Dall'Africa i Vandali allestirono una flotta di imbarcazioni pirata e saccheggiarono le province dell'Impero, giungendo addirittura a saccheggiare Roma nel 455. Dopo il sacco di Roma si impadronirono delle Mauritanie, della Sardegna, Corsica e Isole Baleari.[2]
Antemio e i preparativi di una riconquista
[modifica | modifica wikitesto]Come già detto, la perdita dell'Africa fu fatale per l'Impero d'Occidente, perché il gettito fiscale proveniente dalla diocesi d'Africa era essenziale per mantenere l'esercito d'Occidente. Il governo imperiale, a corto di soldi a causa delle continue mutilazioni territoriali (con conseguente calo delle entrate fiscali), non poté dunque far nulla per potenziare l'esercito e anzi fu costretto a ridurne gli effettivi per ragioni di bilancio, portando ad ulteriori perdite di territori. L'unico modo per far rinascere l'Impero invertendo la tendenza di rapido declino era dunque sconfiggere i Vandali e riconquistare le ricche e produttive province dell'Africa. Il primo a tentarci fu l'Imperatore Maggioriano (457-461), la cui spedizione contro i Vandali, però, non partì mai a causa della distruzione della sua flotta ad opera dei pirati vandali, forse aiutati da traditori. Maggioriano, al ritorno in Italia, fu detronizzato e ucciso dal generale di origini barbariche Ricimero, che pose come imperatore fantoccio Libio Severo (461-465), non riconosciuto tuttavia né dall'Imperatore d'Oriente, né dai generali Egidio (in Gallia) e Marcellino (in Dalmazia), che secessionarono dall'Impero, creandosi domini propri in Gallia settentrionale e in Dalmazia.

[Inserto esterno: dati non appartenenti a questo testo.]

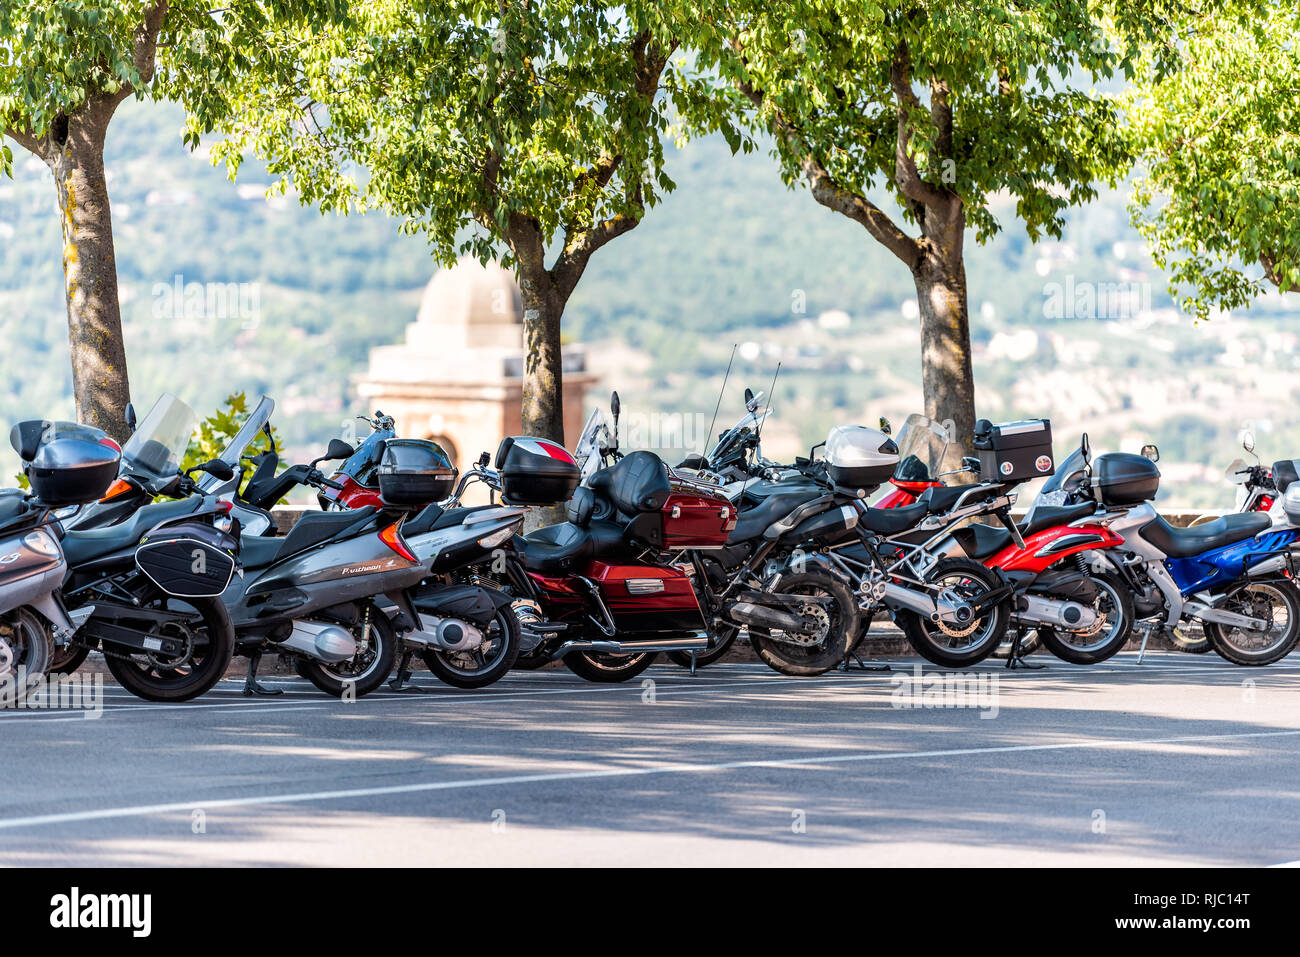 Perugia, Italien - 29 August 2018: Viele Reihe von scooter Motorrad Moped in Stadt Straße Parkplatz geparkt mit niemand im Sommer Tag Stockfoto
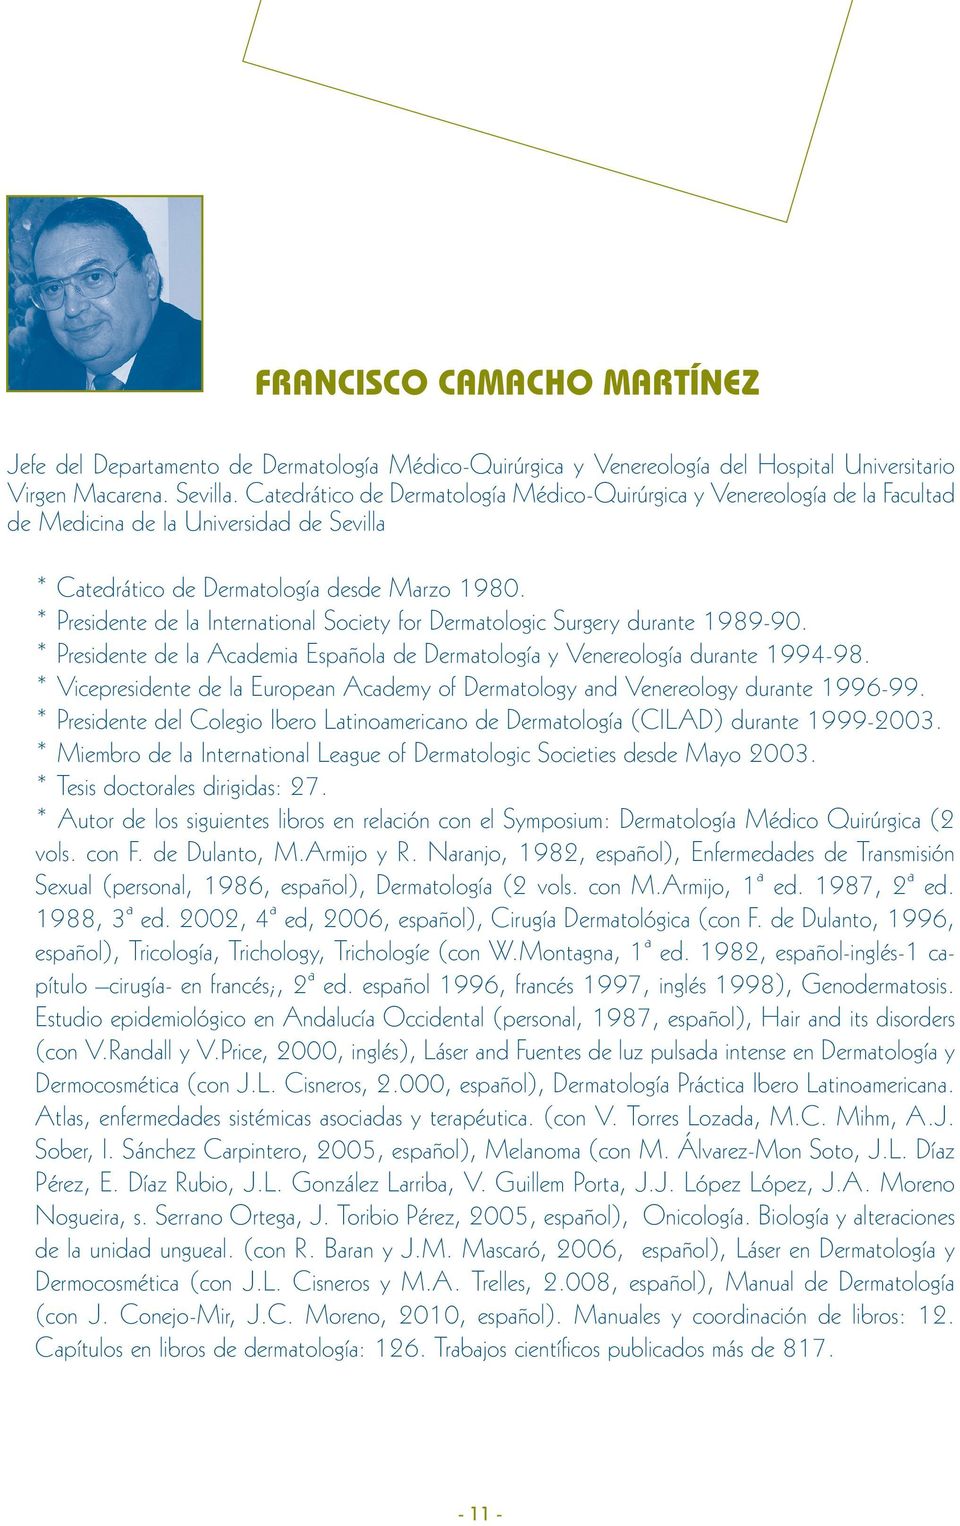 * Presidente de la International Society for Dermatologic Surgery durante 1989-90. * Presidente de la Academia Española de Dermatología y Venereología durante 1994-98.

Nel frattempo, i Vandali continuarono a devastare quasi indisturbati le coste dell'Italia meridionale e della Sicilia, e furono vane le proteste di entrambe le parti dell'Impero. Intorno al 456, secondo un frammento della Storia di Prisco di Panion, Marciano, Imperatore della parte orientale dell'Impero, inviò ambasciatori presso Genserico, pregandolo di guardarsi dal devastare l'Italia e di restituire la libertà alla moglie e alle figlie di Valentiniano III fatte prigioniere durante il sacco di Roma del 455: ma l'ambasceria non ottenne niente da Genserico.[3] Secondo lo stesso Prisco di Panion, Marciano inviò un'ulteriore ambasceria, condotta dal vescovo Bleda, presso Genserico, con le medesime richieste, ma Genserico fu inflessibile e, congedato il vescovo, il re dei Vandali ordinò al suo esercito e alla sua flotta di condurre incursioni a fine di saccheggio in Sicilia e in Italia meridionale.[3] Ciò ovviamente generò le proteste dell'Imperatore d'Occidente Avito, il quale inviò ambasciatori presso Genserico, ammonendolo di rispettare i patti e non devastare l'Impero: in caso contrario, Avito avrebbe risposto con la guerra.[3]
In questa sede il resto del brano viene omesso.